■ Required work ■
Without changing a word, copy every line of the listing below and leave out the images.

■ Collected material ■

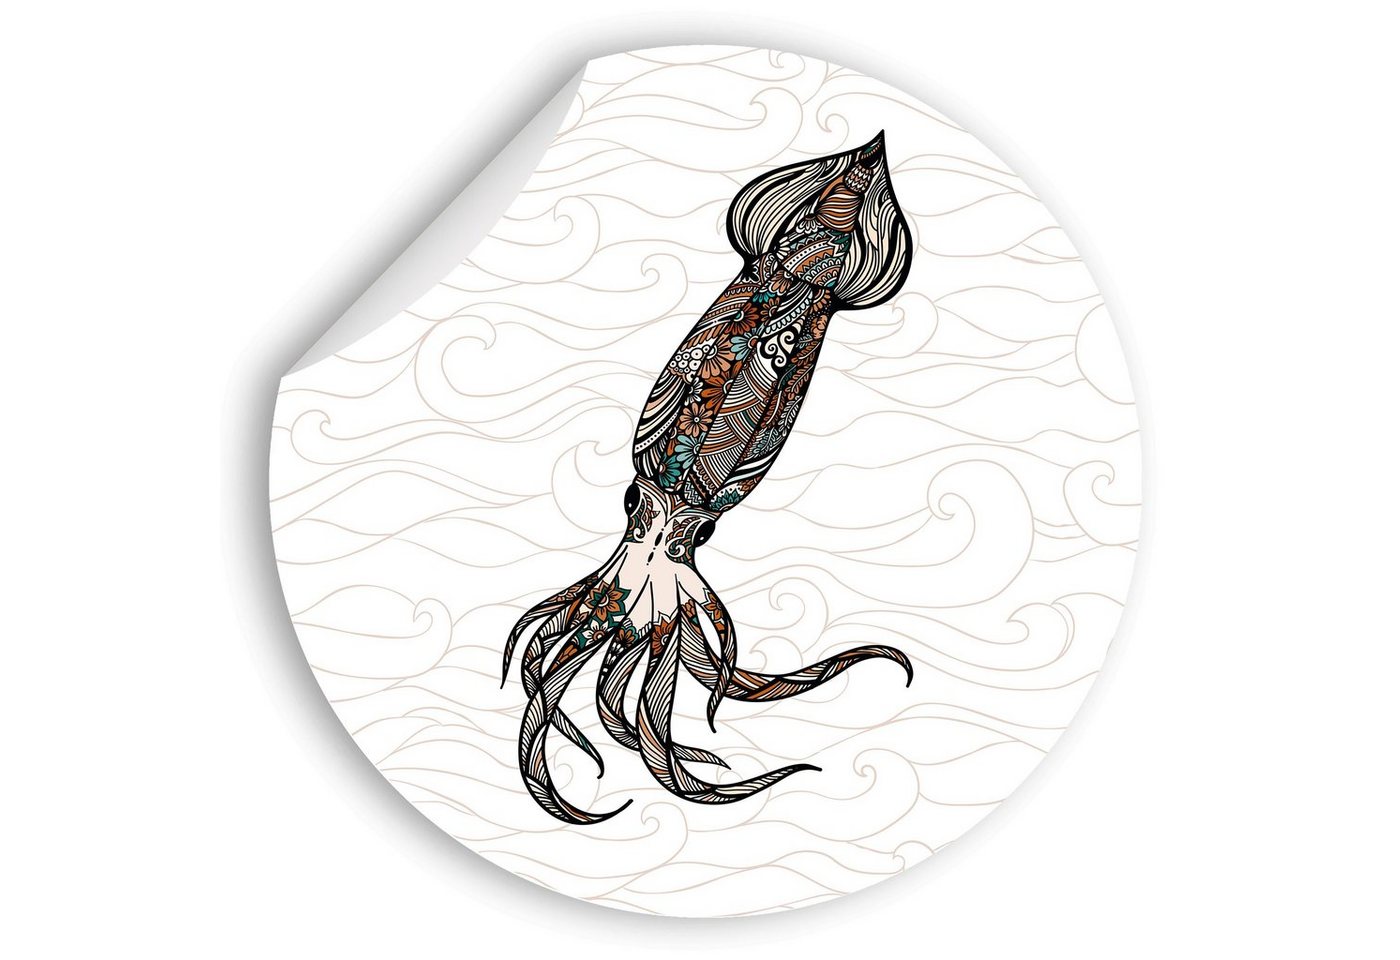 WallSpirit Wandsticker Wandaufkleber rund Tintenfisch Mandala", Selbstklebend, rückstandslos abziehbar" von WallSpirit
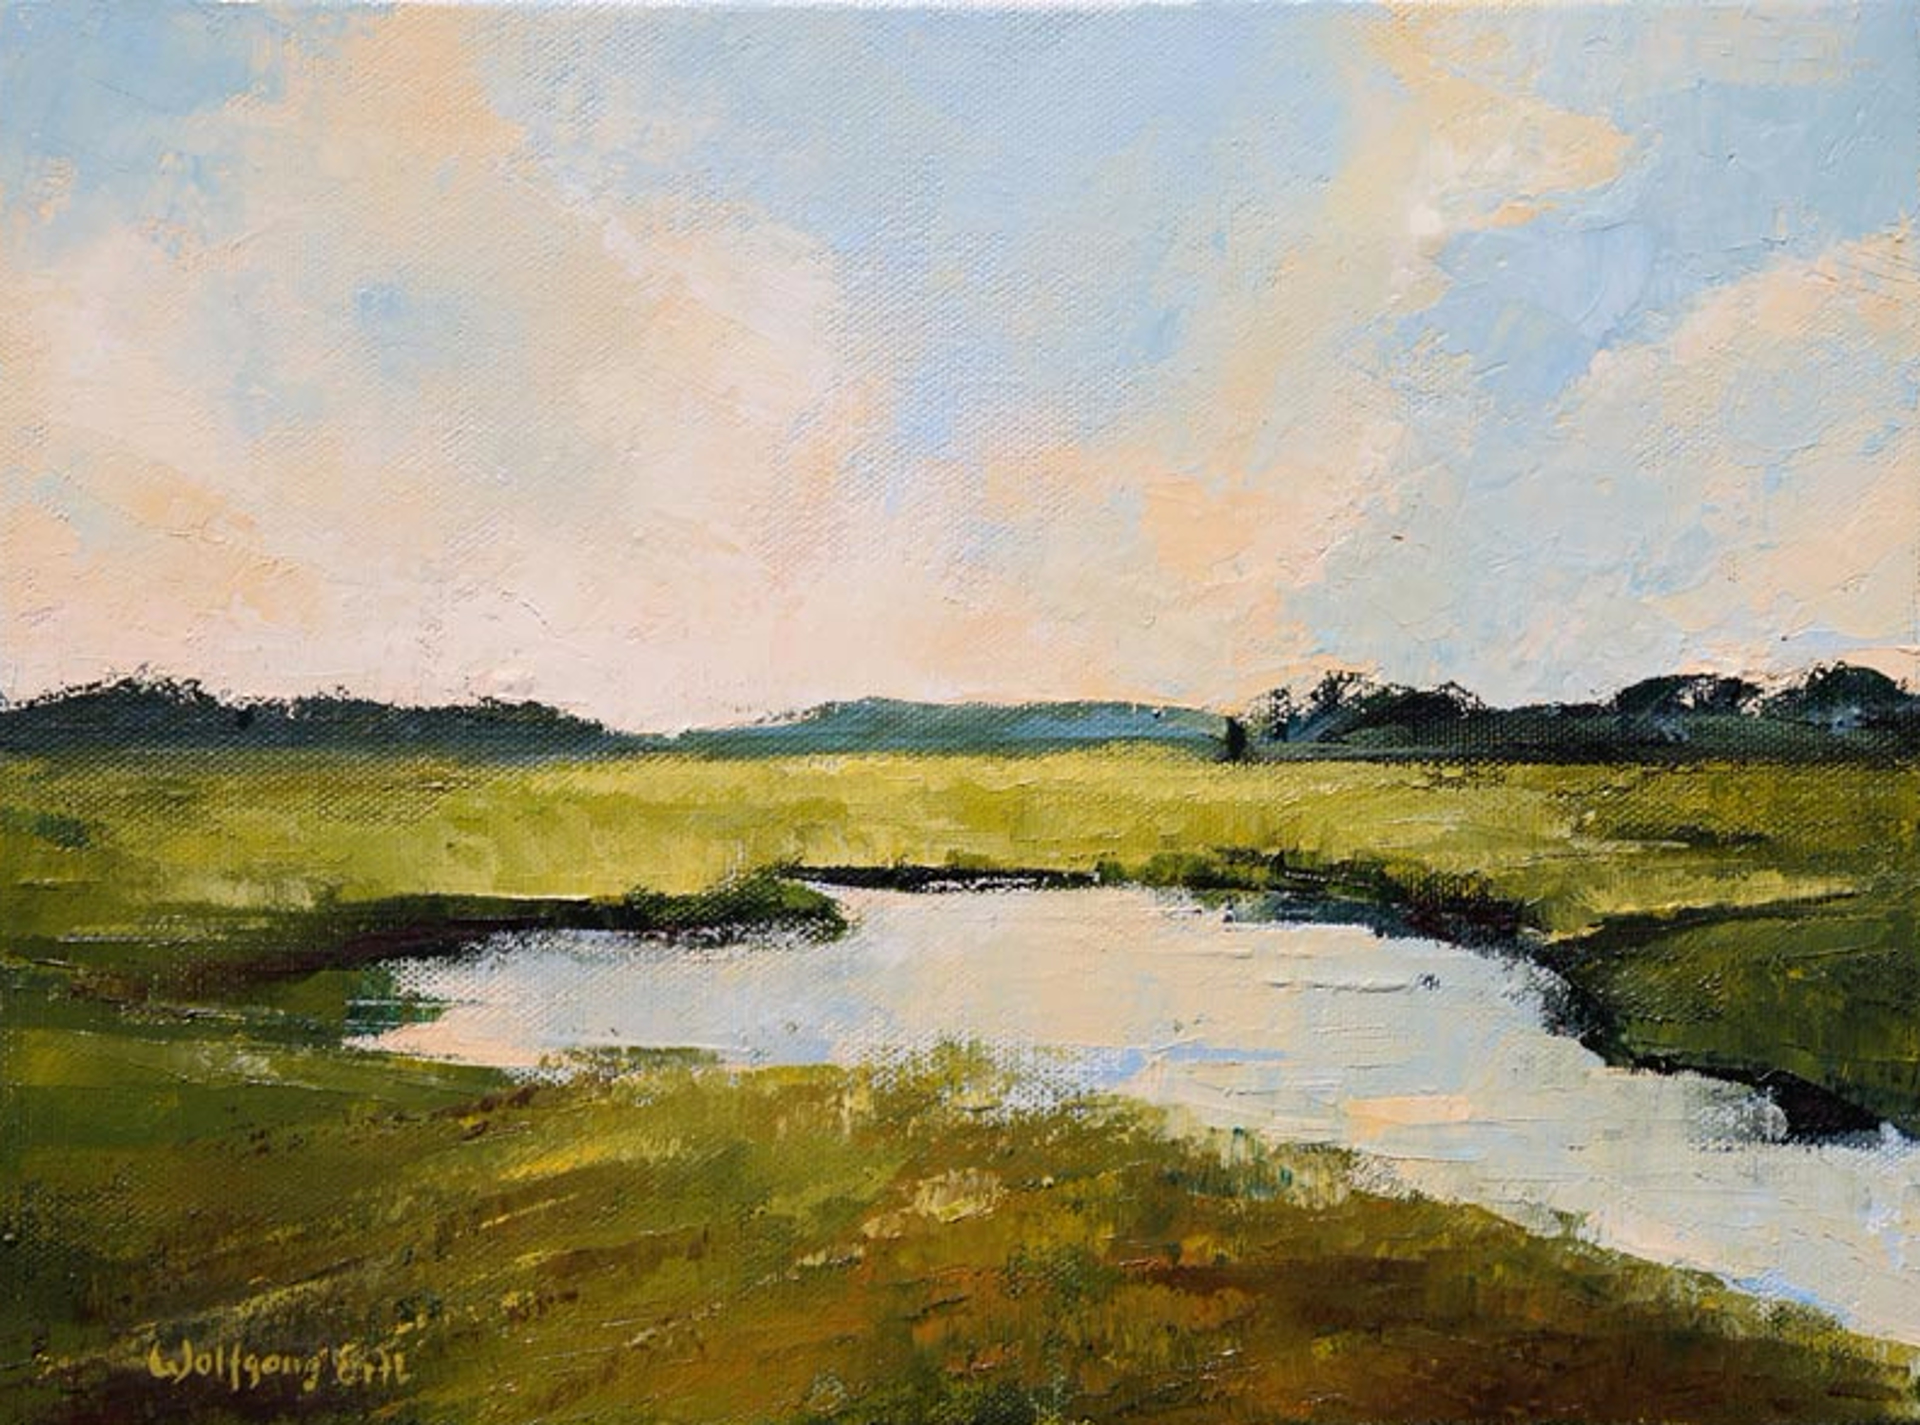 Rye Marsh Evening by Wolfgang Ertl
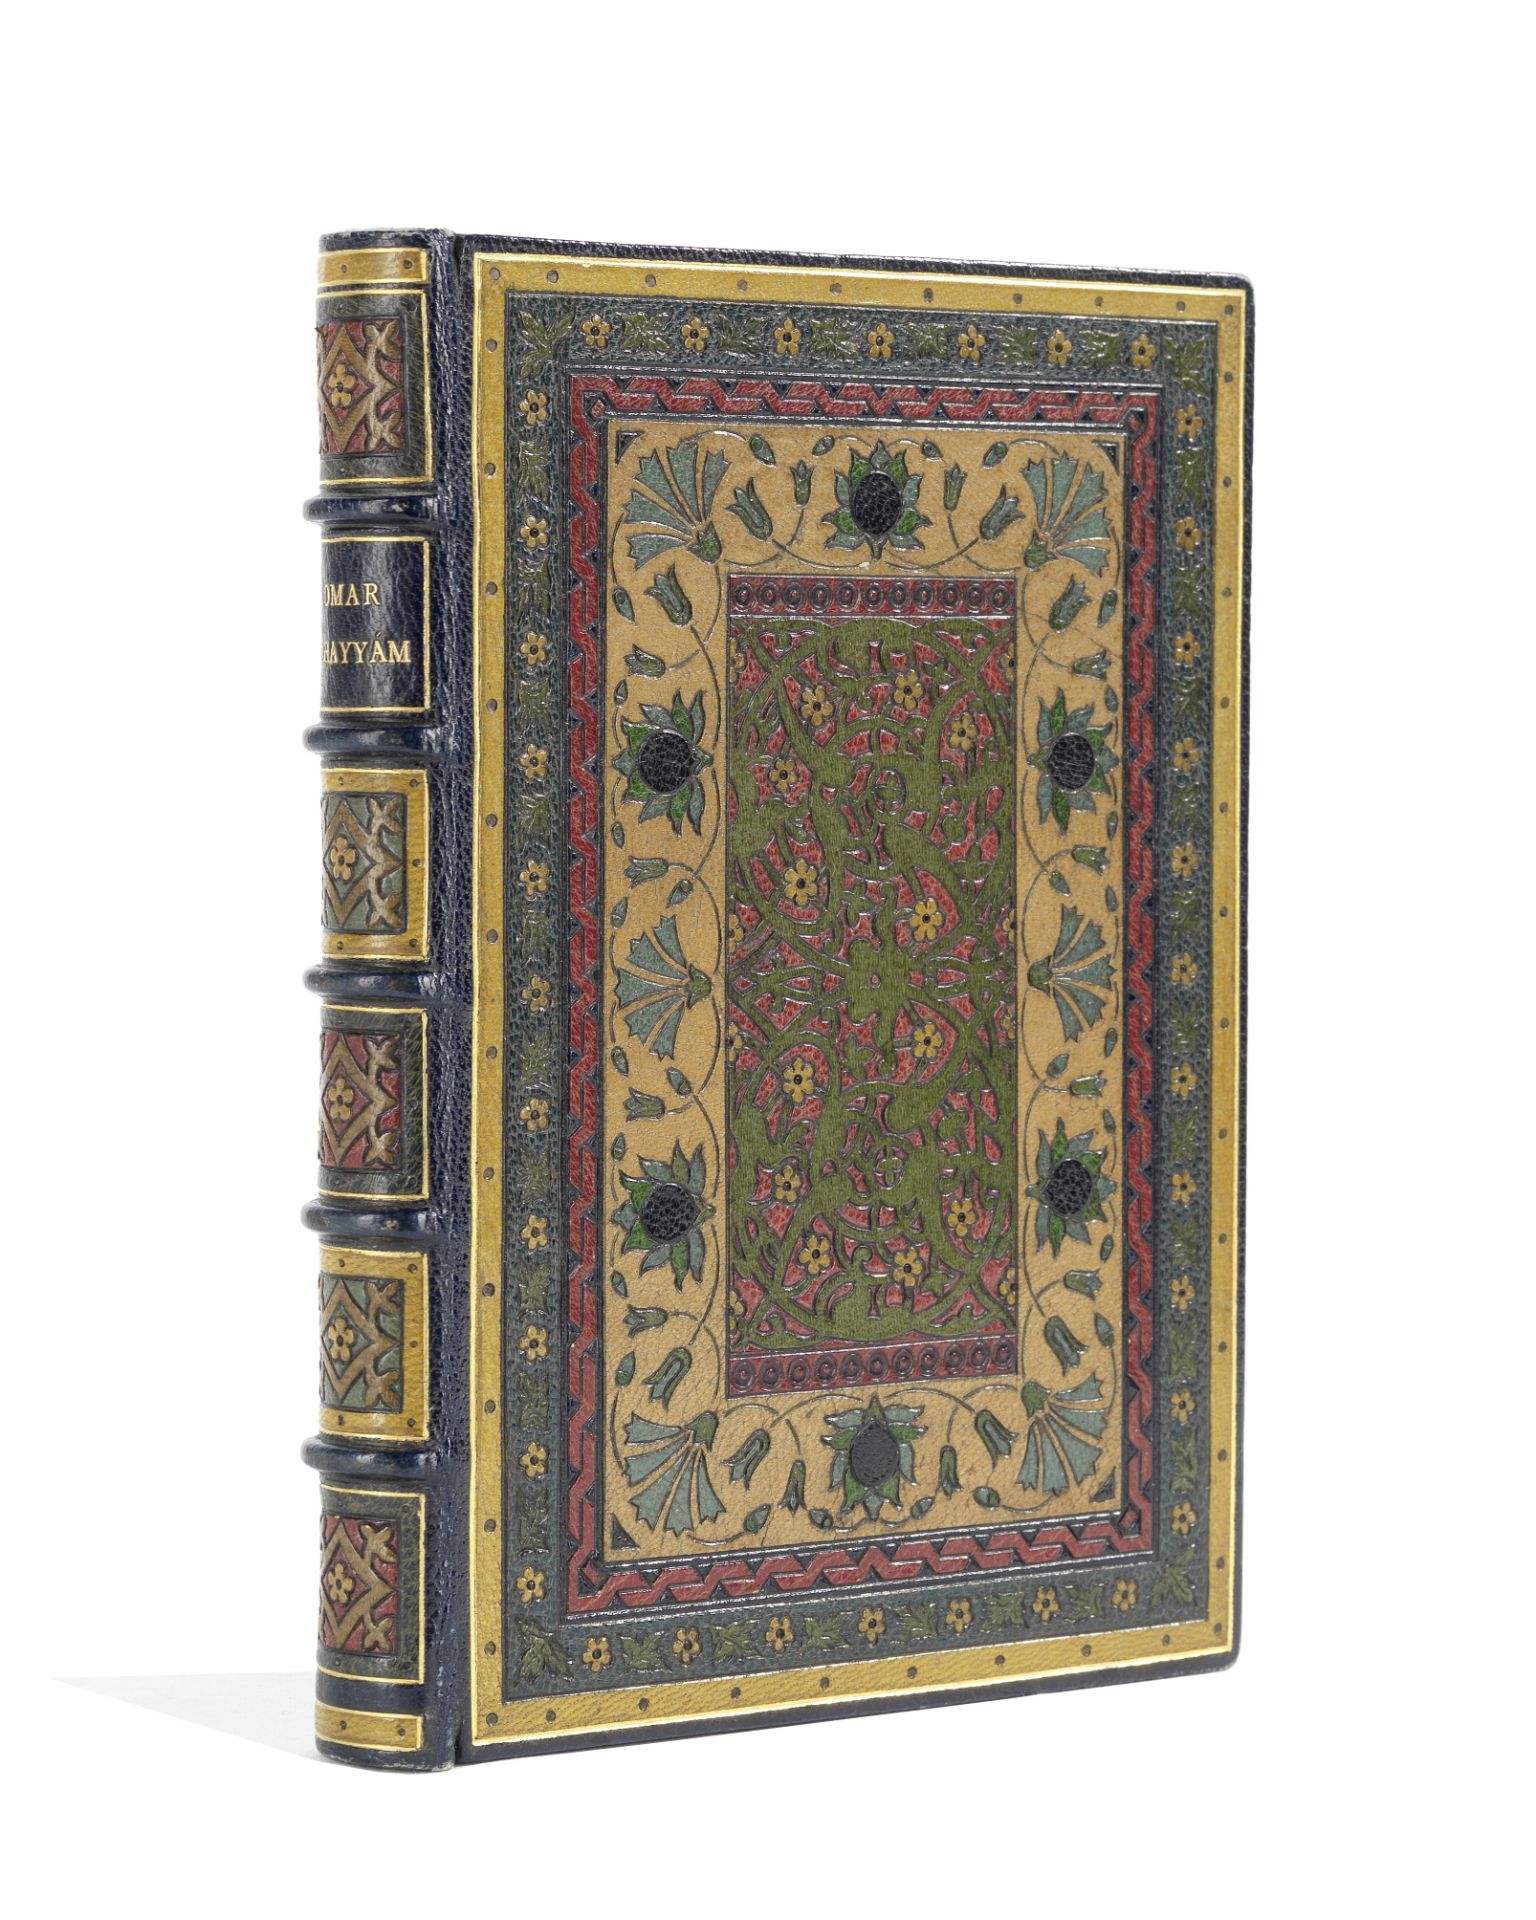 BINDING Rubaiyat of Omar Khayyam, George G. Harrap, [c.1910]

■ Written response ■
 WallSpirit Wandsticker Wandaufkleber rund Tintenfisch Mandala", Selbstklebend, rückstandslos abziehbar" von WallSpirit
 Rye Marsh Evening by Wolfgang Ertl
 BINDING Rubaiyat of Omar Khayyam, George G. Harrap, [c.1910]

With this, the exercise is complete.